Date: 08/13/2007 at 01:35:12
From: Saji
Subject: modified Eulerís method

Using modified Eulerís method find the value of y at x = 0.2 with 
h = 0.1 where dy/dx = 1 - y with y(0) = 0.



Date: 08/15/2007 at 08:06:47
From: Doctor Luis
Subject: Re: modified Eulerís method

Hi Saji,

To get you started, first look at this link

  Euler Method
    http://en.wikipedia.org/wiki/Euler_integration 

Basically, the Euler integration method gives you a way to obtain the
values of y(x) at specific points x, based on the differential equation

  dy/dx = f(x,y)

subject to an appropriate initial condition y_0 (i.e. the value of
y(x) at x_0).

As a numerical approximation, you can approximate the derivative
by a forward difference as follows:

  y'(x_n) ~ (y_{n+1} - y_n)/h

Additionally, from the assumption that y satisfies the differential
equation

  y'(x_n) = f(x_n,y_n)

you can obtain the following relation between successive y's:

  y_{n+1} = y_n + h * f(x_n,y_n)

This formula makes sense if you think of y as distance, x as time, 
and dy/dx = f as speed.  So, in that sense, this formula says that 
your new position (y_{n+1}) is equal to the old position (y_n) plus
whatever distance you traveled in a time interval equal to h.

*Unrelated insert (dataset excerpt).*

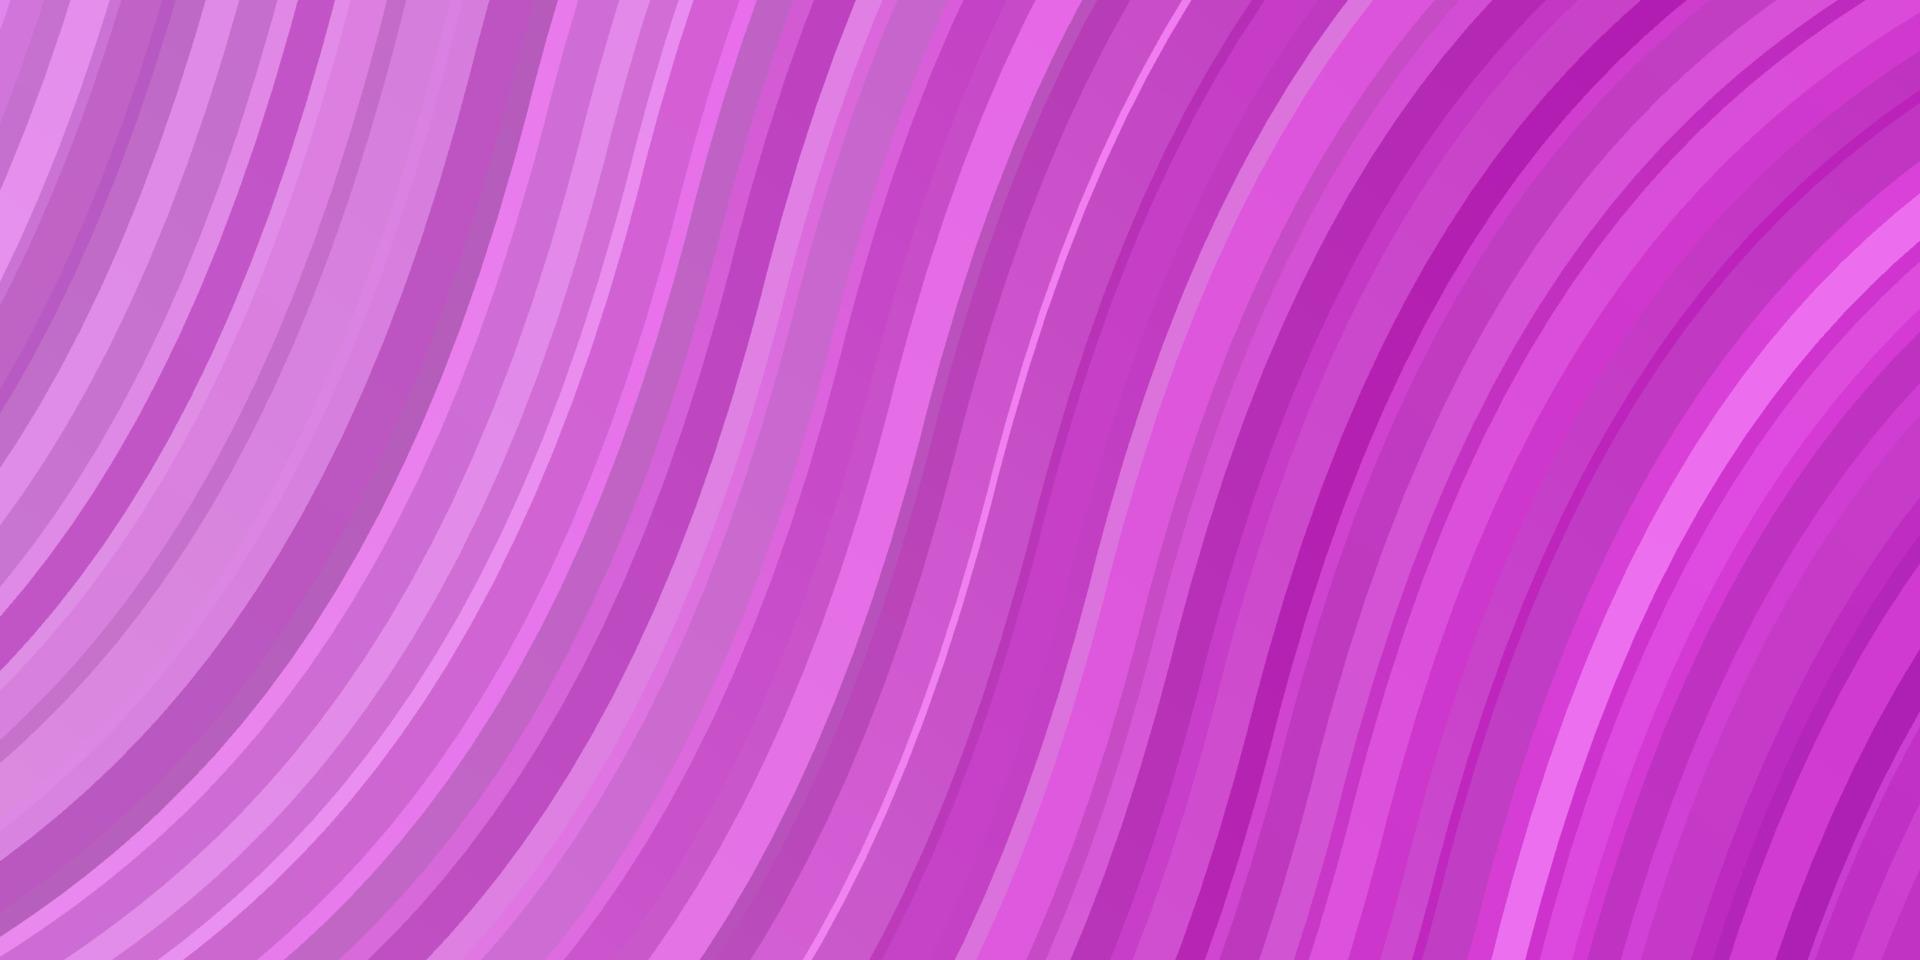 modelo de vetor rosa claro com linhas curvas.

Successive values y_0, y_1, y_2, ... may be obtained in that manner,
in time increment values of h.

In your case, of course, x_0 = 0, y_0 = 0, f(x,y) = 1 - y, but I'll
keep the discussion general so you'll be able to solve similar
problems in the future.

With a spacing h, you can see that

  x_n = x_0 + n * h,

so that

  x_1 = h  = 0.1
  x_2 = 2h = 0.2

The y_n's are defined such that

  y_0 = y(x_0)
  y_1 = y(x_1)
  y_2 = y(x_2)

Performing the Euler integration is done as follows:

  y_1 = y_0 + h * f(x_0, y_0)
  y_2 = y_1 + h * f(x_1, y_1)

Note that, just as y_0 is needed for calculating y_1, you'll need to
find y_1 in order to find y_2.

However, that's not the answer to your problem just yet.  The problem
asks you to use the *modified* Euler method.  To explain what that is,
let's go back to our speed analogy

  y_{n+1} = y_n + h * f(x_n,y_n)

You'll note that the time interval covered is from x_n to x_{n+1}, and
that the speed is evaluated at the *start* of this time interval. 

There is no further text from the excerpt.